The rest of us will follow H1B to the 3rd world.
On Thu, 4 Feb 2010, LOUDSPEAKER wrote:
> In article <Pine.BSF.4.61.10...@osmium.mv.net>, Me, ...again!
> says...
>
>> Its going to be difficult down the road to change anything because
>> whatever happens, prices will go up. The question is whether wages in the
>> US might also go back up, and whether jobs ever come back to the USA. If
>> the existing trends keep going the way they are, the USA is going to be in
>> deep shit and to a great extent already is.
>
> MAKE UP YOUR MIND YOU SENILE OLD FART ART SOWERS. ON ONE HAND YOU SAY
> OUTSOURCING IS OVER
I said in my FAQ that India is no longer the only outsourceing destination
in the world and not everyone has been happy with all outsourcing to India
(you need to read it again, below),
AND ON THE OTHER HAND YOU DOUBT WHETHER JOBS ARE
> EVER GOING TO COME BACK TO USA. (actually the truth is latter)
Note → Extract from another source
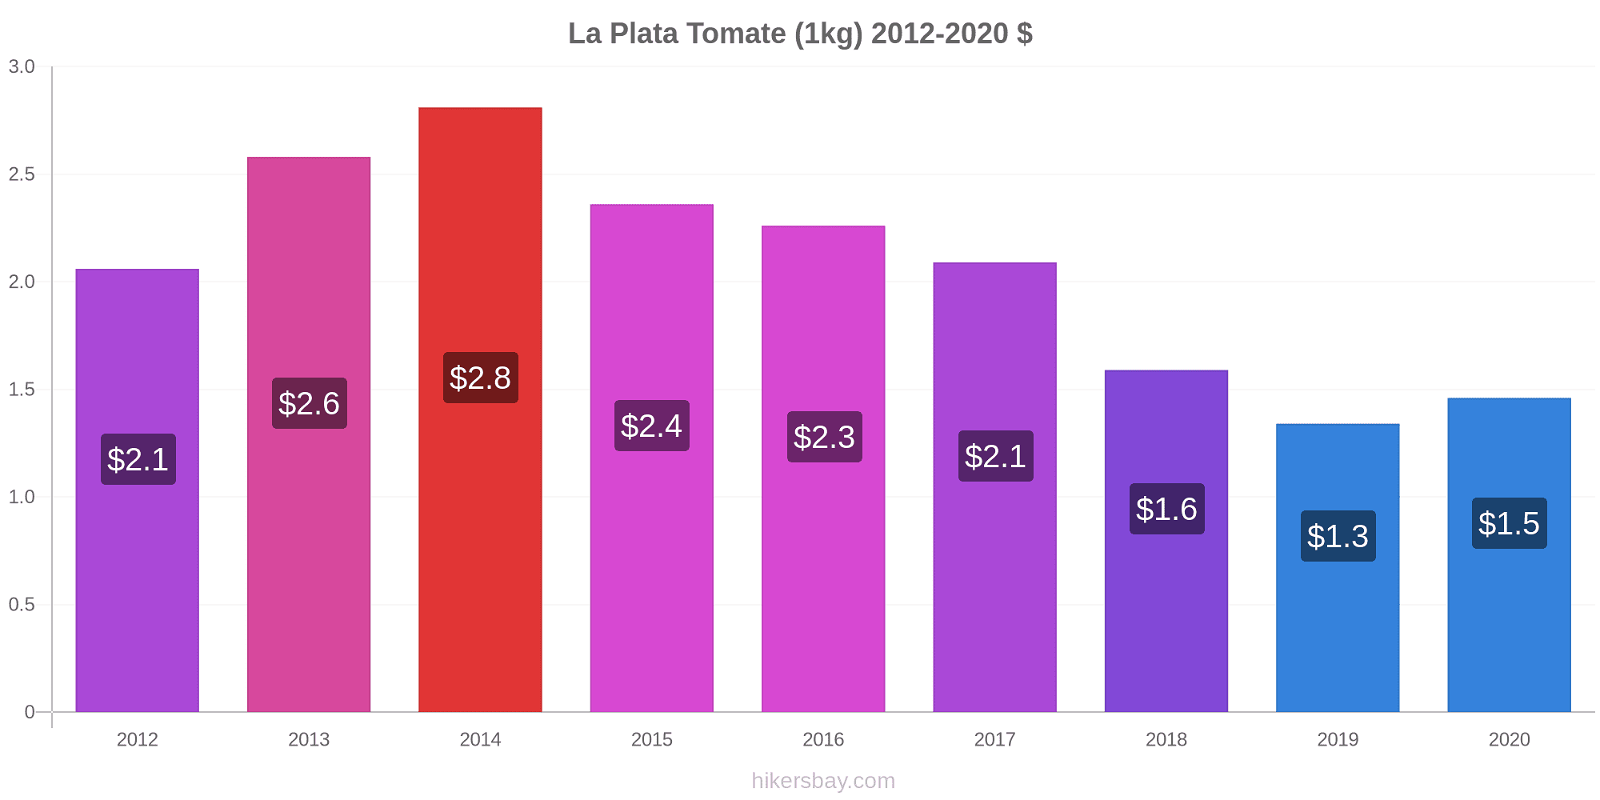 La Plata changements de prix Tomate (1kg) hikersbay.com

Actually some jobs have come back, too, as you can read (if you are
capable of reading) below.....
===========================================
Reference List: India No Longer Offshore IT King
(34 references to recent articles)
Offshore outsourcing (including BPO to India) is
declining as a fraction of total world-wide IT service
to developed countries and has a high failure rate,
not necessarily high quality service, is leading to
a new phenomenon: backsourcing/backshoring.
Somethings called the "H-1B swindle" is discussed
below. And there are some reports that outsourcing
is declining or reversing.
----
34. WSJ, Oct 5, 2009, page B1:
title:"Indian Tech Outsourcers Aim to Widen Contracts"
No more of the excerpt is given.